University of Kansas employees who earn more than $50,000 annually will see a reduction in their salary for six months in order to ease the effects of a $120 million revenue loss due to the coronavirus pandemic.

The reductions are tiered and based on the employee’s salary — those who make more will see a larger reduction percentage, Chancellor Douglas Girod and Provost Barbara Bichelmeyer said in an email to staff and faculty Friday. Student employees, such as graduate teaching assistants or student hourly workers, and employees working on H-1B visas will not see a salary reduction.

“Our decisions continue to prioritize equity and reflect our commitment to protecting KU’s most vulnerable populations,” the email said. “As a result, we believe these are the appropriate next steps to ensure KU’s health, limit drastic impacts to employees, and allow KU to continue its mission well into the future.”

The plan will go into effect Aug. 23 and will remain in effect until Feb. 20, which covers 13 pay periods, according to the email. Administrators estimate the plan will generate roughly $7.9 million in savings for the University.

Employees who make between $50,000 and $59,999 will see a 1% salary adjustment.

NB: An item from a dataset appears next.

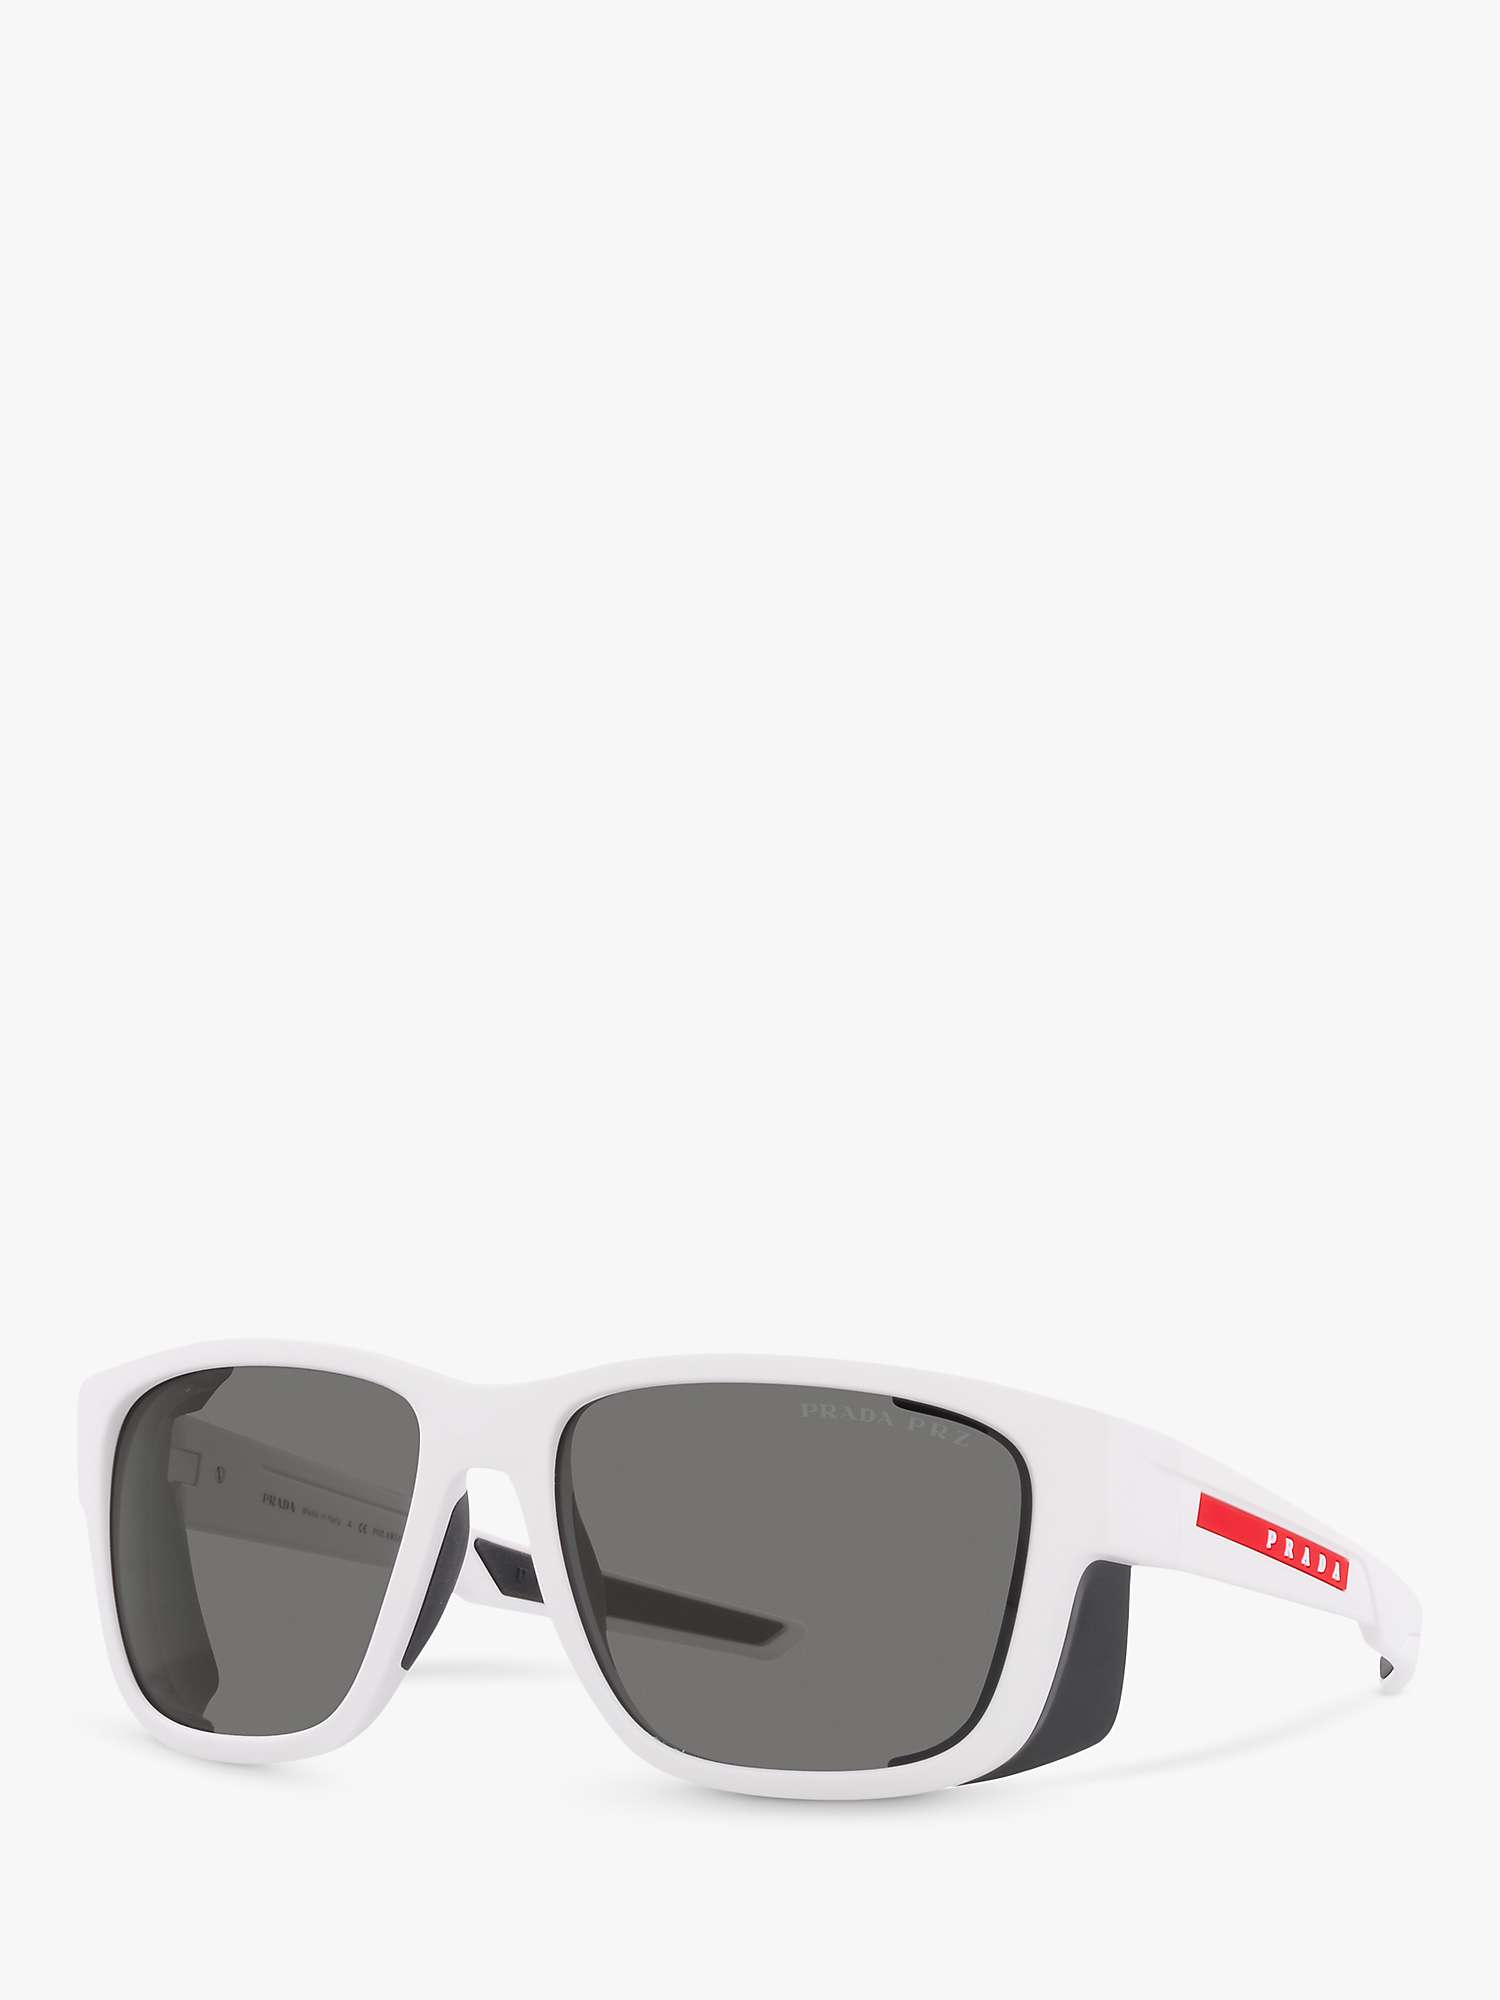 Prada Linea Rossa PS 07WS Men's Polarised Square Sunglasses, White

For each salary increase of $10,000, the reduction for the individual’s pay goes up by 1%. Employees who make more than $200,000 will have an 11% reduction to their salary.

salary cut

A table provided by the University of Kansas leadership shows the estimated percentage cut each salary will take.

Health insurance coverage will not be impacted by the plan.

KU is not planning any university-wide furloughs right now, the email said. However, individual departments may need to plan furloughs, according to the email. The commitment to paying KU employees through the end of the fiscal year ends on June 28.

“Please note, these newest measures will not fully address our projected $120 million shortfall,” the email said. “Additionally, as we’ve said previously, there are still a number of unknowns that prevent us from having a full picture of the pandemic’s impact on the university.”

KU leadership estimated around $38 million will come from individual departments that saved money from vacant positions from the 2019-2020 fiscal year, and from those departments’ carry forward. Another potential $16 million in the next fiscal year will be put toward the $120 million shortfall, after KU does an internal review of its operations and academic offerings. 

“By now it’s clear we are facing one of the most challenging times in KU history,” KU leadership said in the email. “We hope it’s also clear we do not take lightly the financial decisions we have to make.”